Disse Flávio no encontro da CEPAC nos Estados Unidos:
“…O Brasil vai ser o campo de batalha no qual o futuro do hemisfério será decidido, porque o Brasil é a solução para os Estados Unidos se livrarem da dependência dos minerais críticos, especialmente das terras raras da China.
Sem eles, a revolução tecnológica dos Estados Unidos fica estagnada, e a segurança nacional se torna vulnerável.
E quando os Estados Unidos se tornam vulneráveis, todo o mundo livre se torna vulnerável.
Brasil e Estados Unidos foram feitos um para o outro.
Compartilhamos os mesmos valores judaico-cristãos – há um crescente movimento sionista cristão, tanto nos EUA quanto no Brasil – e cada um tem aquilo de que o outro precisa.
A América precisa de cadeias de suprimentos seguras para materiais críticos, um parceiro confiável no hemisfério e um mercado massivo para bens e serviços americanos.”
Leia-se: Se eu for eleito, o Brasil se tornará submisso ao país de vocês, já que ele falava para o público americano. Repulsivo. vergonhoso.
“…se o governo dos Estados Unidos quiser voltar a ser o principal parceiro econômico do Brasil, precisa demonstrar essa intenção com o aumento de investimentos no país.
…a China descobriu e entrou na América Latina.
Hoje, o meu comércio com a China é o dobro do meu comércio com os Estados Unidos.
E essa não é a preferência do Brasil.
Se os Estados Unidos quiserem passar para frente da fila, ótimo.
Mas eles precisam querer isso.”
O que resta de Flávio depois da queda
Ao fim, a disputa não é apenas entre Lula e Flávio, mas entre duas visões de mundo. Lula quer um Brasil capaz de produzir, negociar e decidir; Flávio quer um Brasil que sirva, que obedeça; e que confunda servidão com alinhamento civilizatório.
Um quer política externa como instrumento de soberania; o outro quer política externa como gesto de submissão ideológica.
E quando um escândalo financeiro desorganiza a vitrine da extrema direita, o que se vê é que a sua força sempre dependeu mais de encenação do que de substância.
A verdade incômoda é que a decadência da extrema direita não começou com Vorcaro; apenas ficou mais visível. O caso acelerou um processo que já estava em curso: a desmontagem da aura de superioridade moral, a exposição da dependência de interesses obscuros e confusos, e a revelação de que a promessa de “renovação” escondia uma política velha, patrimonialista e servil.

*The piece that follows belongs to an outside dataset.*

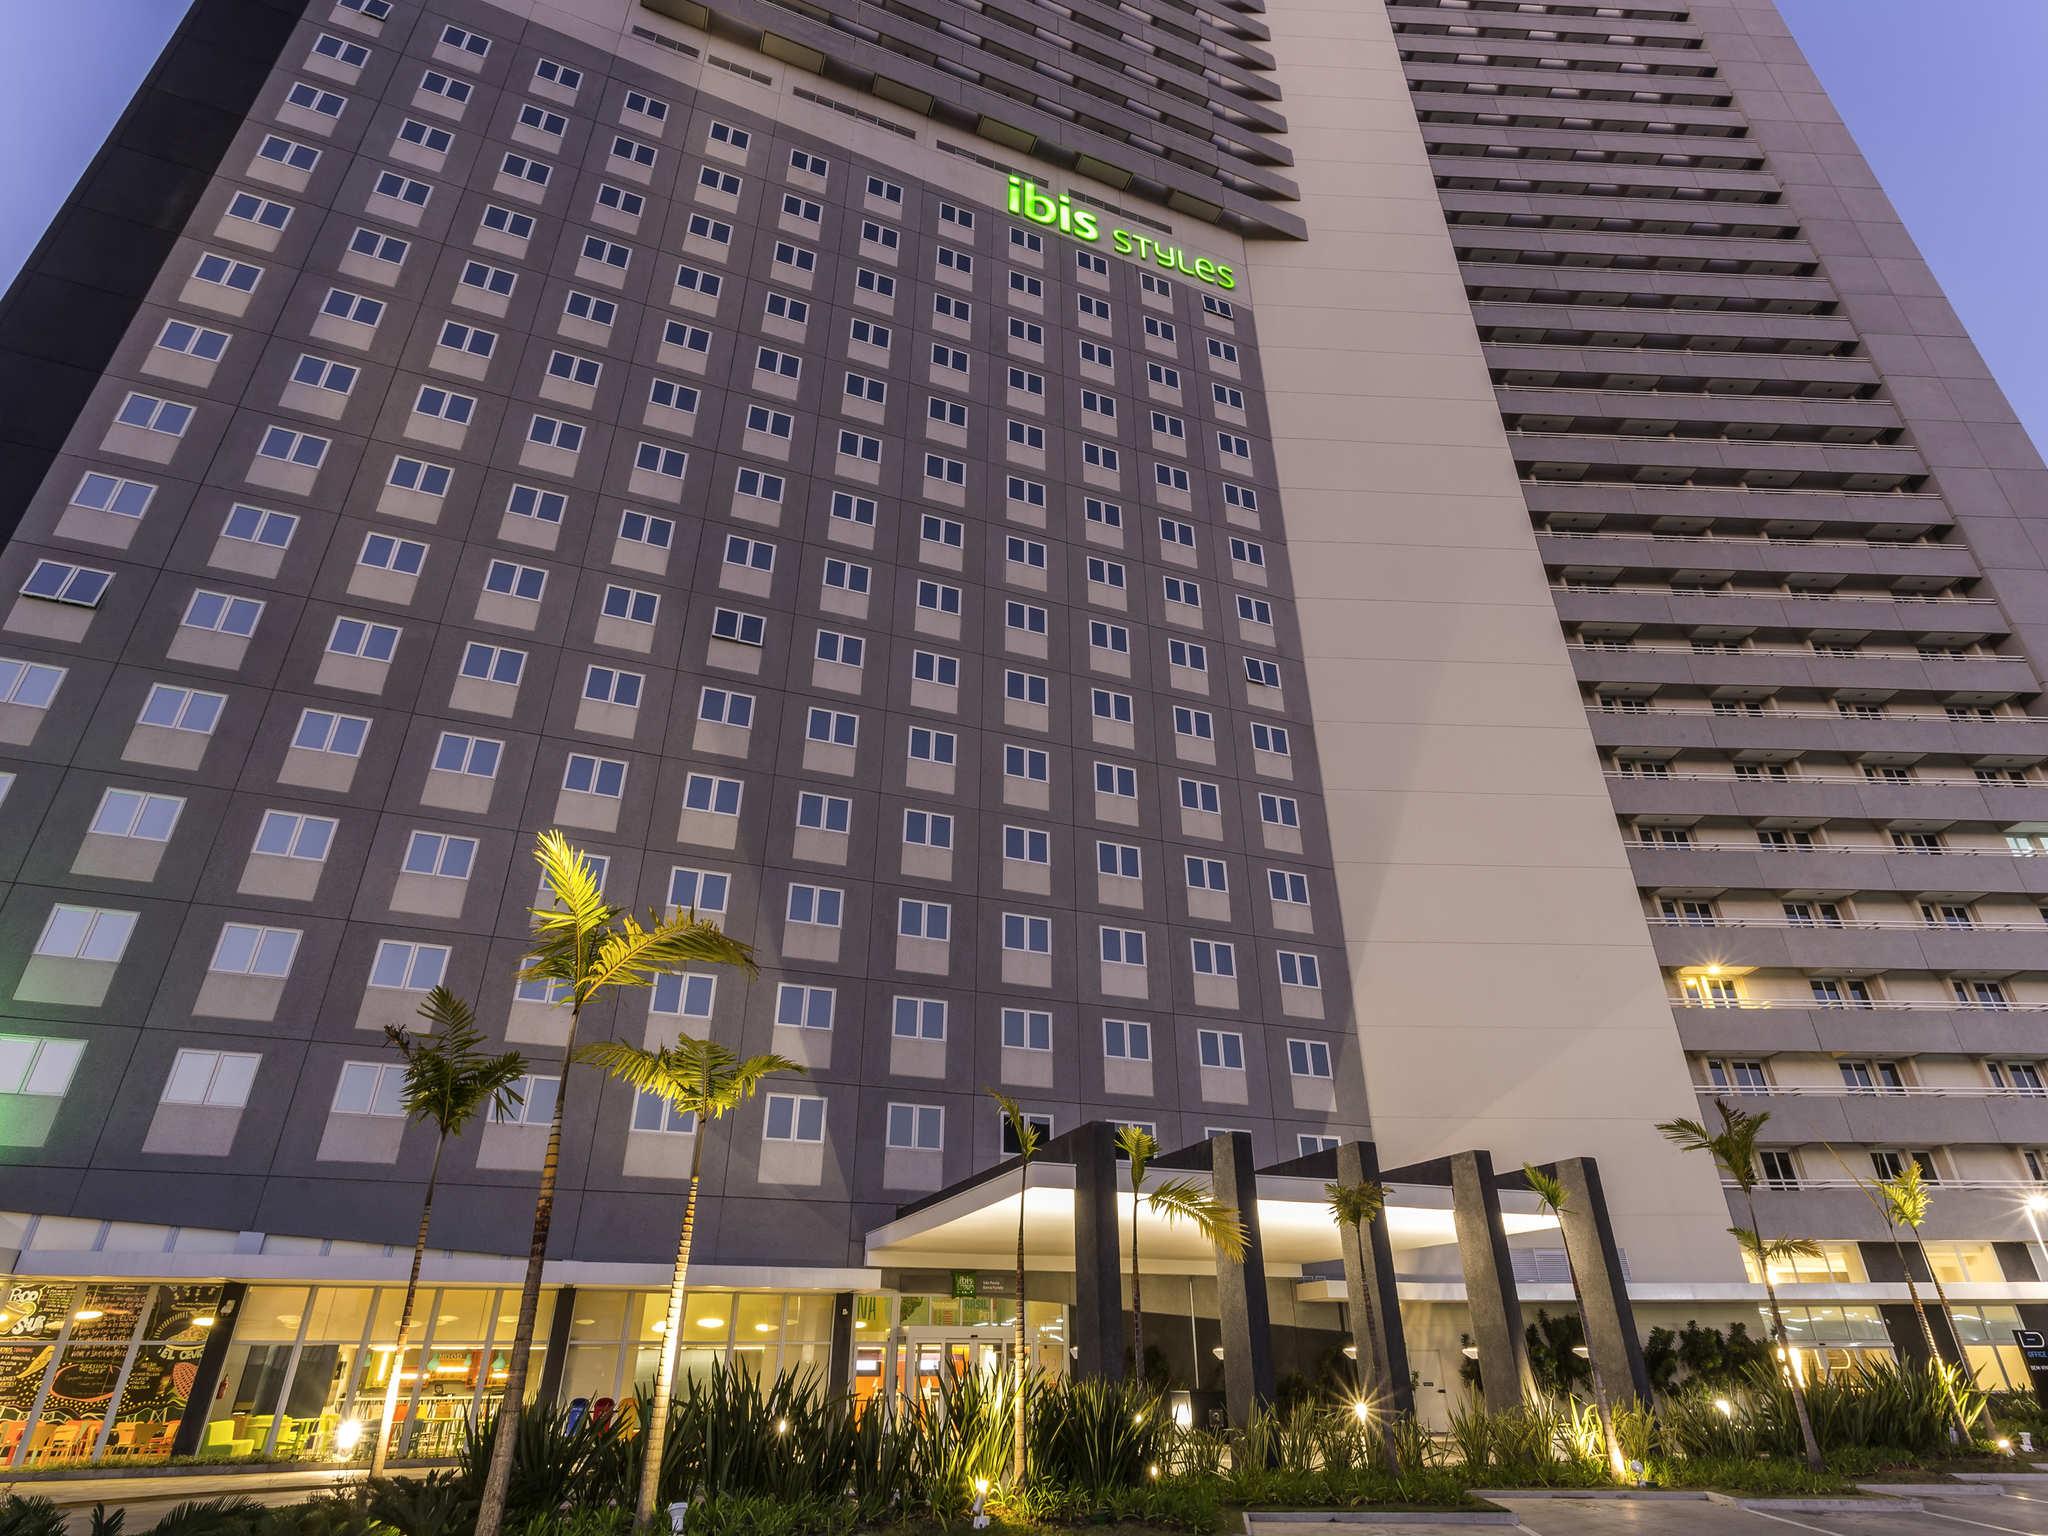 Hotel – Hotel ibis Styles São Paulo Barra Funda

O jornalista Reinaldo Azevedo, ao articular essa crítica, recoloca no centro do debate aquilo que realmente importa: não apenas quem vence eleição, mas que tipo de país cada projeto pretende construir.
Esse artigo foi baseado em:
- https://youtu.be/St473B0io6A?si=RLrFlDe38OnXGh1Q,
- https://www.cartacapital.com.br/politica/efeito-vorcaro-flavio-bolsonaro-despenca-e-ve-lula-abrir-vantagem-mostra-atlas/,
- https://www.correiobraziliense.com.br/politica/2026/05/7421877-pl-quer-saber-se-flavio-bolsonaro-teve-mais-contatos-com-vorcaro.html,
- https://iclnoticias.com.br/operador-do-fundo-que-recebeu-dinheiro-de-vorcaro-comprou-casa-onde-vive-eduardo-bolsonaro/,
- https://g1.globo.com/politica/noticia/2026/05/13/flavio-bolsonaro-pediu-dinheiro-de-vorcaro-para-filme-sobre-o-pai-mostram-mensa…,
- https://www.bbc.com/portuguese/articles/c1e2jwy9q89o.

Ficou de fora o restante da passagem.